Again, I get it. Times are tight, but every other type 1 I know sports one of those FGM thingies on their arm, included blasted Theresa May. (Admittedly, I don’t know that many type 1s.)

Here’s the thing—I never envy other people their non-diabetes status. A long time ago, my brain must have told my heart jealousy over the impossibility/unlikeliness of a cure in my lifetime was too much of a wasted effort. But when I read of other diabetics and their access to the latest tools and tech, I glow so green I’m practically radioactive.

The blessings of perspective

Fortunately, perspective kicked in after twenty minutes or so of mumping and moaning to myself. In the US, two senators have launched an investigation into rising insulin prices (585 percent from 2001 to 2015 for Eli Lilly’s Humalog, for instance), and this in the world’s wealthiest country. Many people have tried swapping insulin types and brands, changing to something that might not work as well for them or worse, stopping it or rationing it.

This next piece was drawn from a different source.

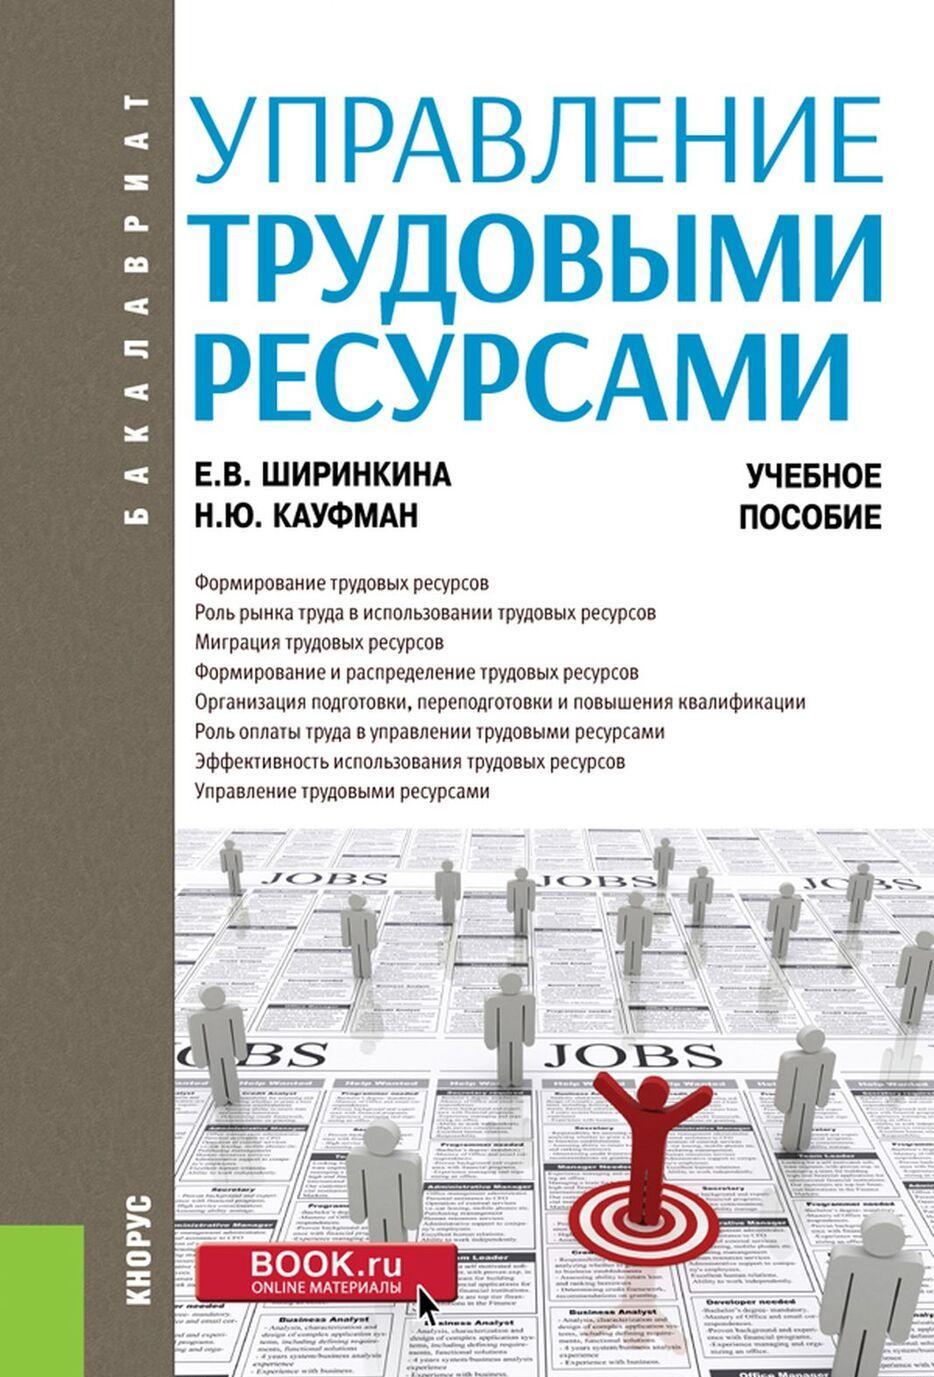 Upravlenie trudovymi resursami. Uchebnoe posobie | Shirinkina Elena Viktorovna, Kaufman Natalja Jurevna
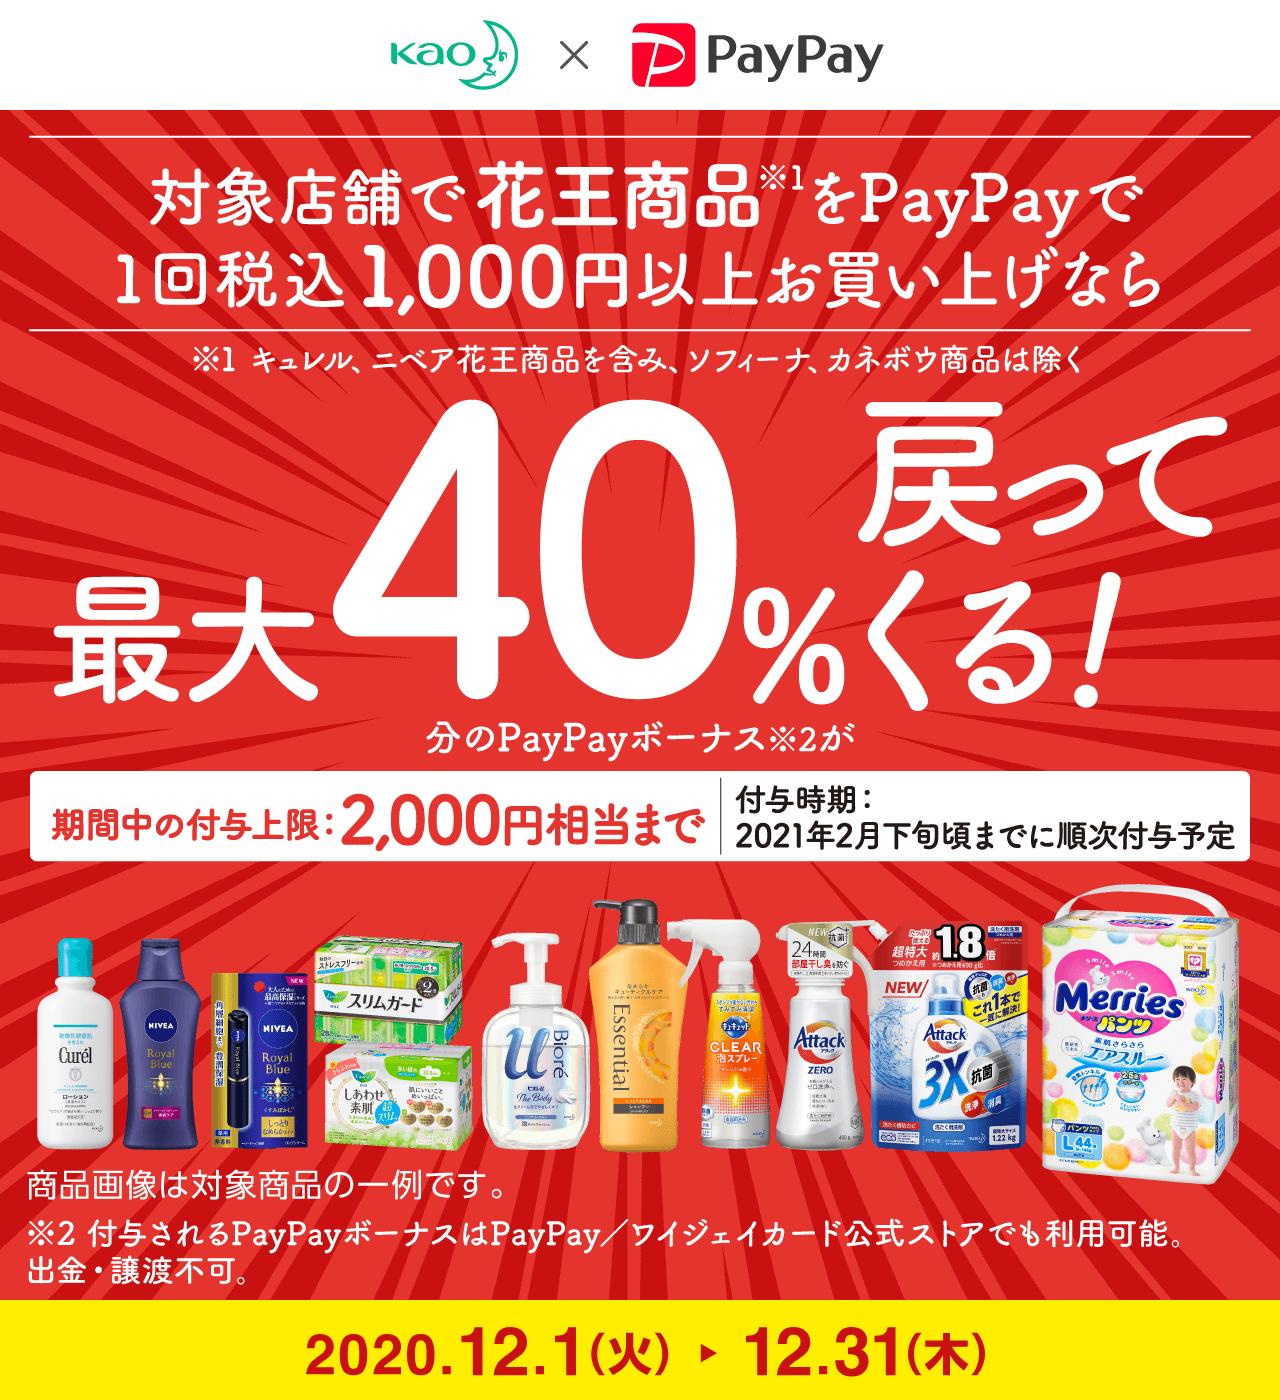 対象店舗で花王商品をPayPayで1回税込1,000円以上お買い上げなら最大40%戻ってくる!

In addition, part of my work at the moment involves communications for a health-based project in two African countries where access to any diabetic medication is seriously limited, and knowledge of how to treat the condition not as wide-spread as it is in the developed world.

I don’t have the latest up to date equipment, but I do have insulin (Brexit fears aside), plenty of test strips and all the other bits and pieces I need. The green monster surfaces from time to time, as I’m sure it does with you. Let it do its whinge-y bit and then remind Madam Monster we do live in the best of times for people with diabetes (country dependent of course). If I’d been born 100 years earlier, I wouldn’t have made my 11th birthday. So, Emma 1, Jealousy 0.5.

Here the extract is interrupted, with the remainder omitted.